Where "add" was a macro:

#define tos(S) SS[-1&31]
#define nos(S) S(S[-1-1)&31]
#define pops(S) S(S[-1--)&31]
#define binop(S,O)  nos(S) = nos(S) O tos(S); pops(S);
#define add(S) binop(S,+)

In the case of the C implementation a 34 cell array was allocated on the stack using alloca, and the pointer was set to the third element in the array, so that the offset & 31 would index the remaining 32 cells as a circular stack. A similar technique was applied to the ArrayBuffer implementation allocating 2 cells past the end of the stack as a stack index and a temporary buffer.

This design produced a human readable code base, but it definitely traded performance for human readability. Just how much so?

Well invoking the compiler as;

Compiler.eval('1600000 push 0 ~ : loop 1 + <- loop')

Which evaluates ~4.8 million VM instructions, produced:

Safari. 1s 4.8mips
Chrome. 0.5s. 8mips
Firefox. 10s. 0.5mips

But a quick rewrite later restructuring the memory access to use straight proxies without the memory object property lookup, removing the function call overhead of the stack accessor functions, and directly coding the assignments inline in the instructions produced:

Safari. 0.495s 9.7mips. (2x improvement)
Chrome. 0.085s. 56mips. (7x improvement)
Firefox. 3.6s. 1.5mips. (3x improvement)

These numbers are nothing short of astonishing. Safari doubles its performance when you remove the function call overhead. Firefox benefitted from. 3x improvement from removing the function call overhead. But Chrome! Chrome demonstrates what happens when the JIT can finally kick in. Not only did the function call overhead go way, but we obviously hit a code path that the JIT liked. In fact, Chrome's performance is not only approaching the performance of native code, but approaching what the FPGA implementation would achieve. As such the performance is at a level suitable for prototyping actual applications, although at almost 100x the power draw.

But why bother doing this at all? Why prototype a VM in JavaScript? Well, for one thing, we almost always have access to a browser, so experimenting is relatively inexpensive. We can always reset the simulation by CMD-R, reloading the page. Additionally, we have virtualized hardware support through the DOM API. With a little bit of code, we can emulate memory mapped I/O for the display, PCM audio, keyboard, mouse, touch pad, and even network via WebSockets and a socket proxy. The cFirth implementation can do these things through SDL, but it requires more effort to reload and test ideas. Also, it is much easier to debug the JavaScript based version.

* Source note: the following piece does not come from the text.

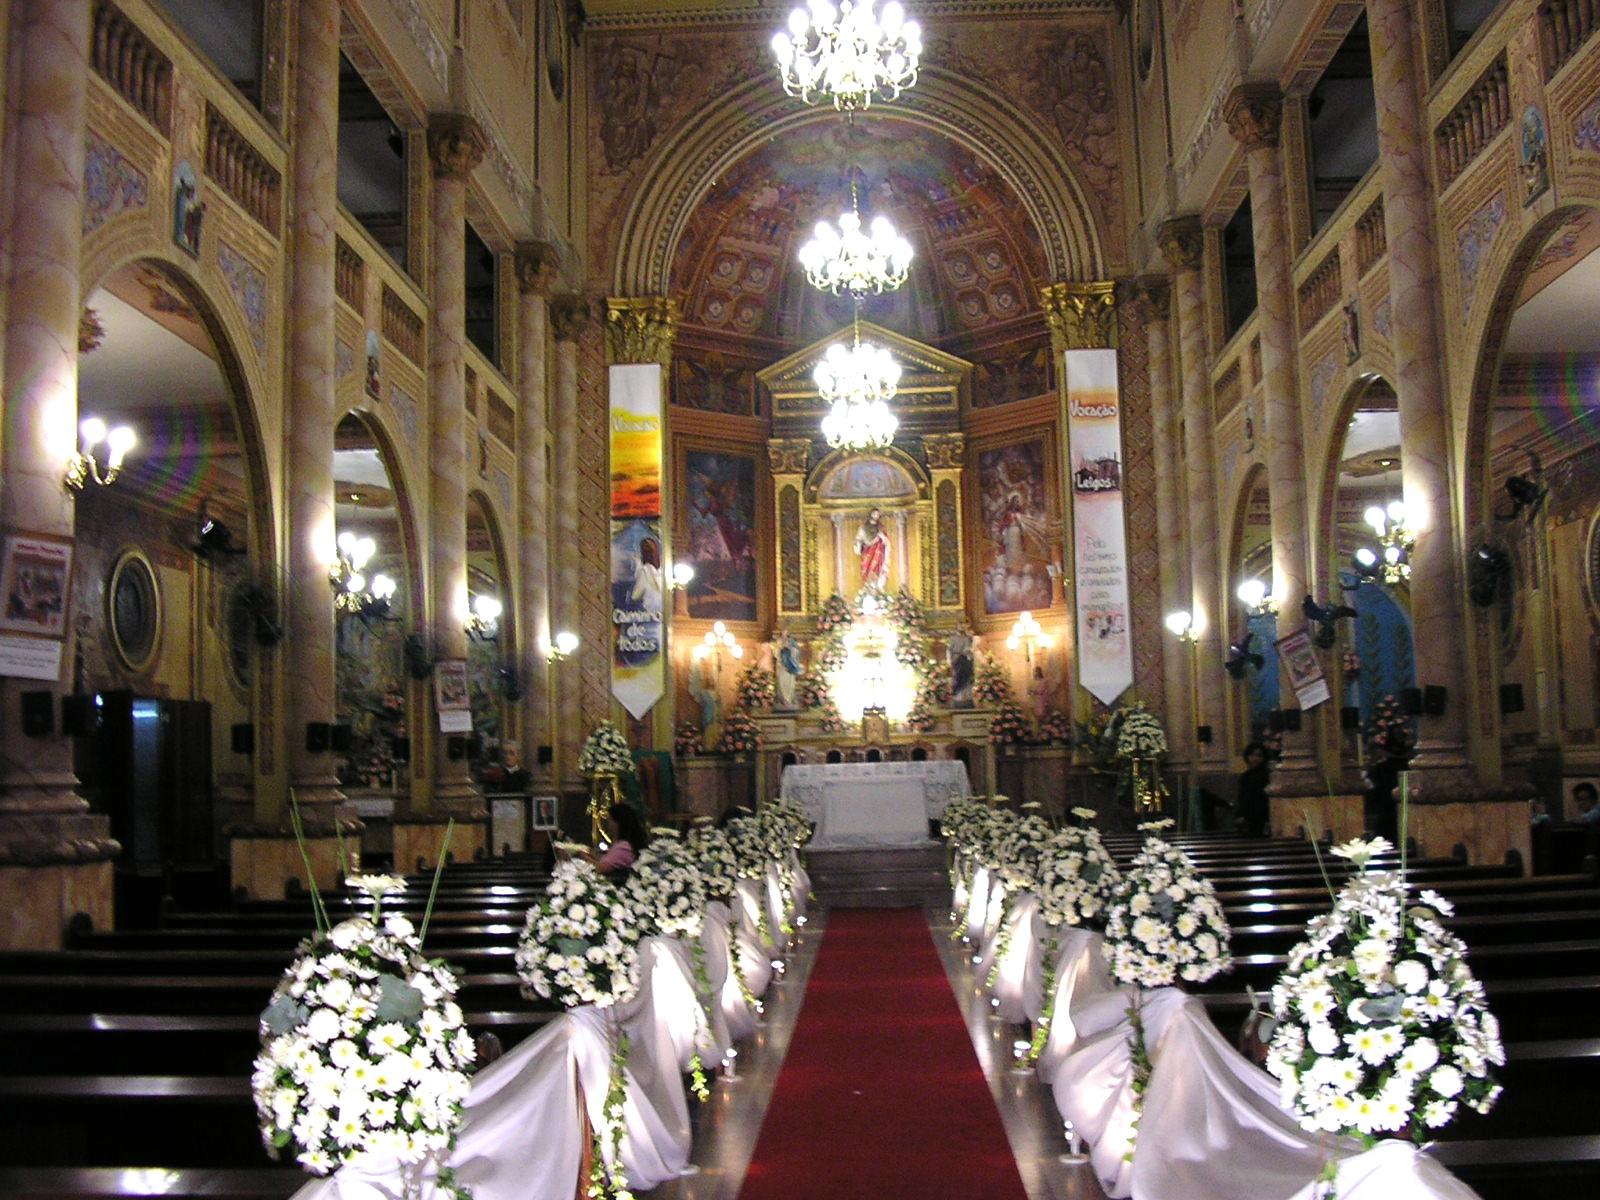 Matrimonio Igreja Catolica : Enfim noiva ★ processo religioso

But there is a very interesting side benefit of experimenting this way, JavaScript optimization techniques emerge that would go otherwise ignored. Having seen how efficient the JIT can be when fed code that it is capable of optimizing, it becomes evident that a JavaScript preprocessor is necessary. It is not enough to write JavaScript so that a human can read it, but also the optimizer too. As such, having a tool which can unravel human friendly code and produce optimizer friendly code becomes a huge win.

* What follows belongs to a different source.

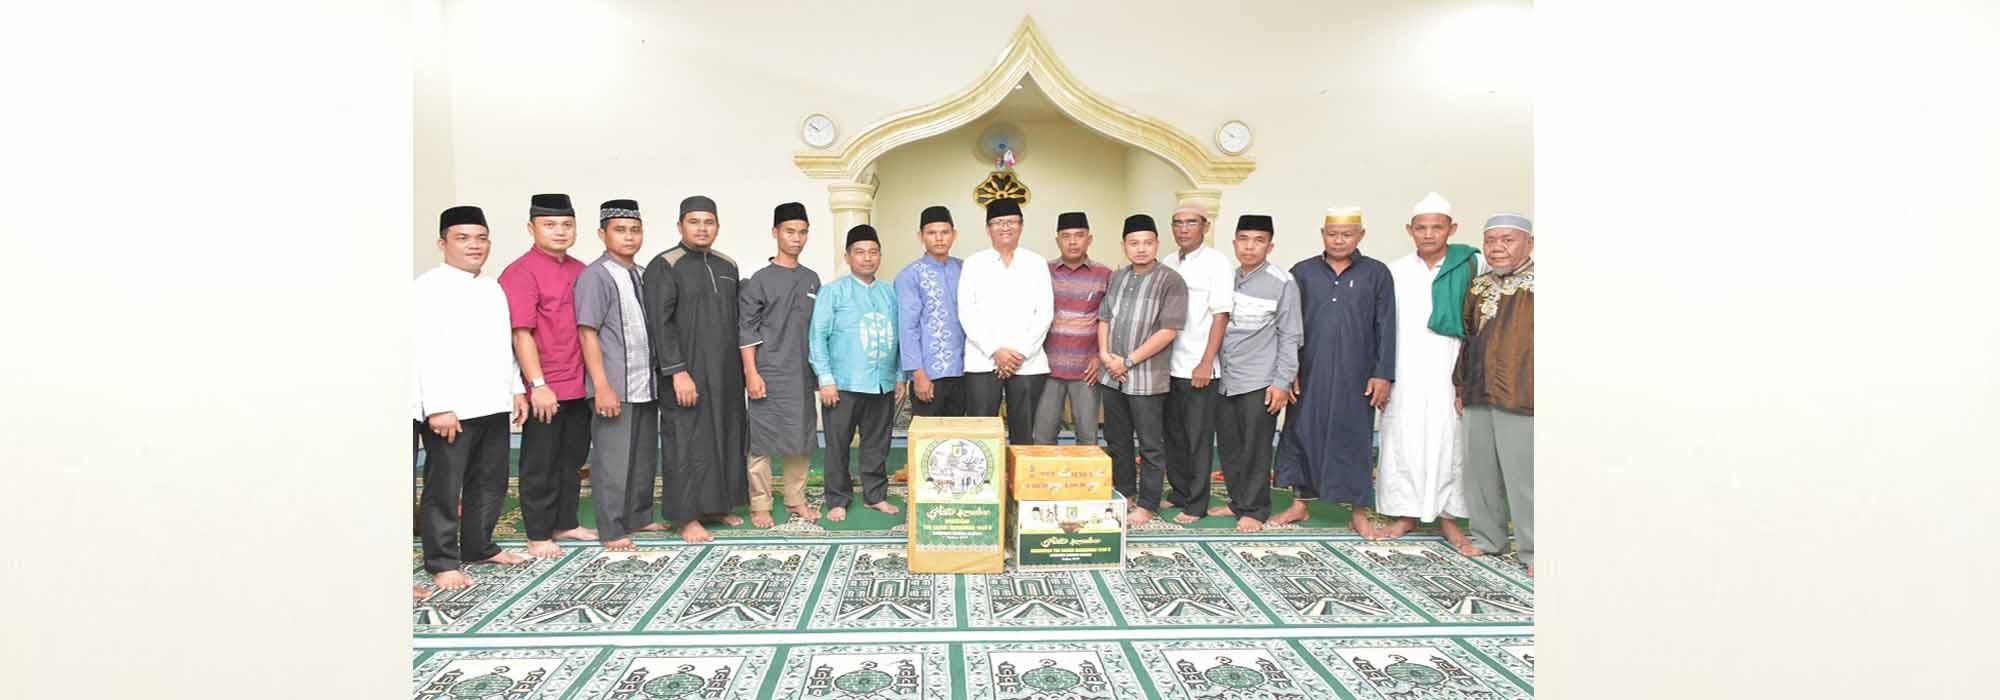 Kabid Penyelenggaraan e-Government Dinas Kominfo Safari Ramadhan Bersama Tim III di Kecamatan Dolok Merawan

A first obvious step is to write a macro preprocessor for JavaScript to rewrite the JS source and recompile. Since we can have undefined references in a script, we can treat each macro as an undefined function initially. When the macro expansion occurs each of these function calls are replaced. Our macro expansion engine may just be a term rewriting engine, or a complex stream processing engine. With macro expansions, the core of the switch can be made more readable, but at the same time preserve performance.

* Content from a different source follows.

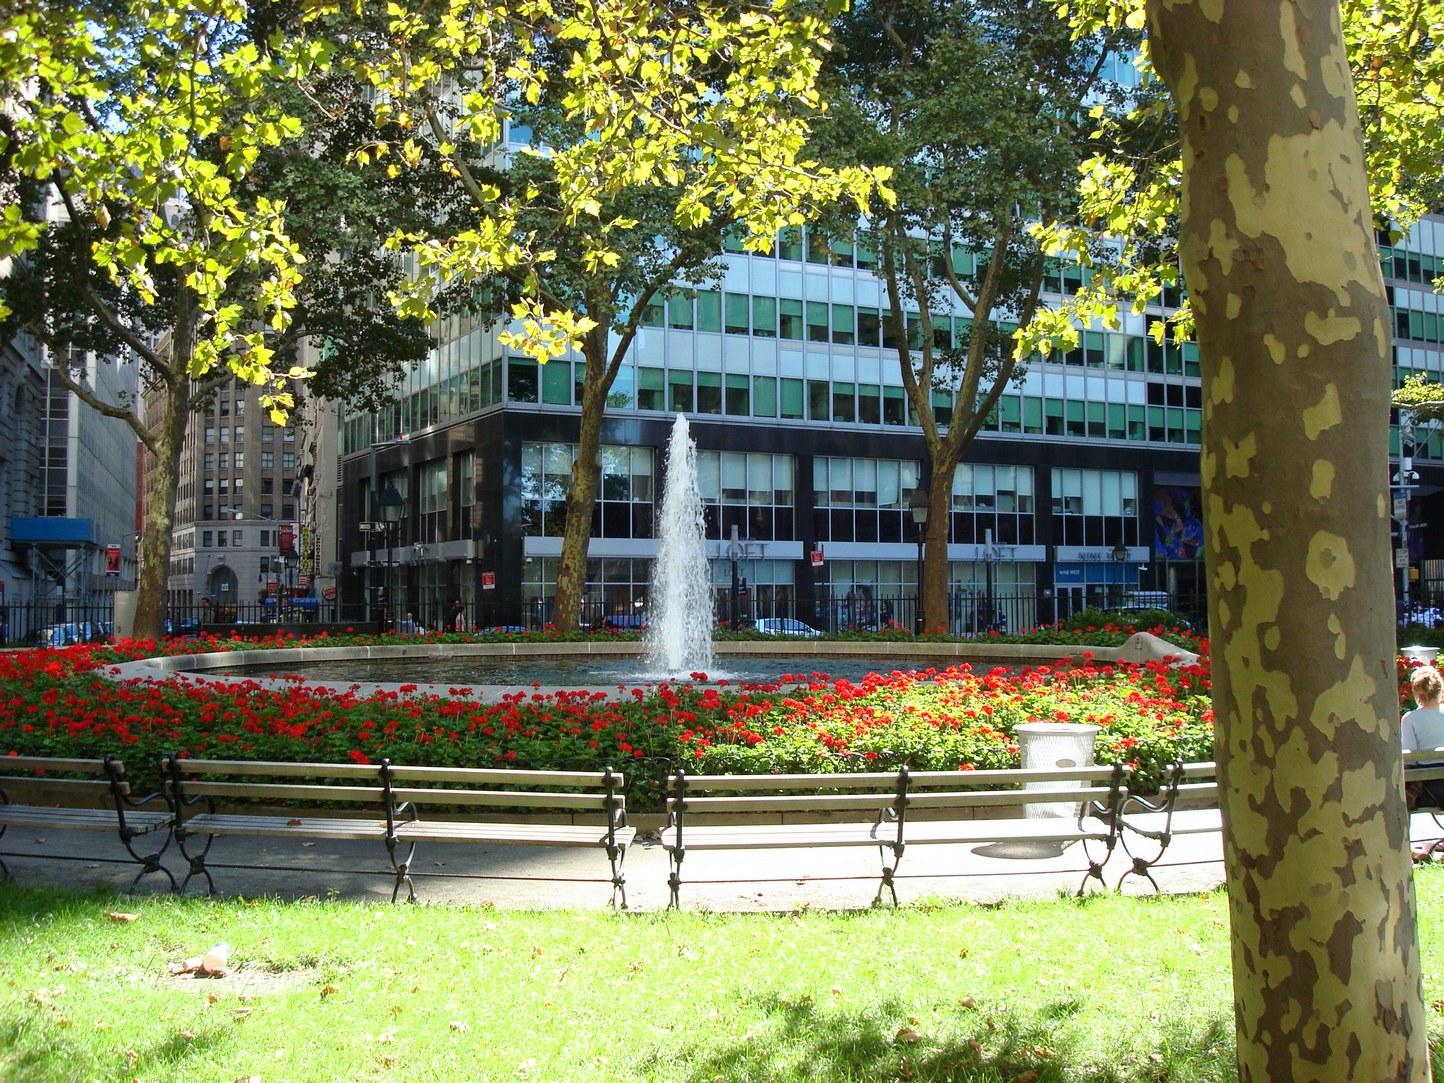 New York City_LowerManhattan_GorgeousBatteryPark

Also inspired by this work, I did some more analysis on how different techniques implement JavaScript performance. Some of my preliminary findings hint at some rather surprising optimization techniques. The variations between browsers also makes micro-optimizations difficult. I've unearthed some rules of thumb which indicate a term rewriting engine could in some cases produce speed improvements of 50% to 1000% with no loss of readability, while actually producing safer, more fault tolerant code. More on that layer this week.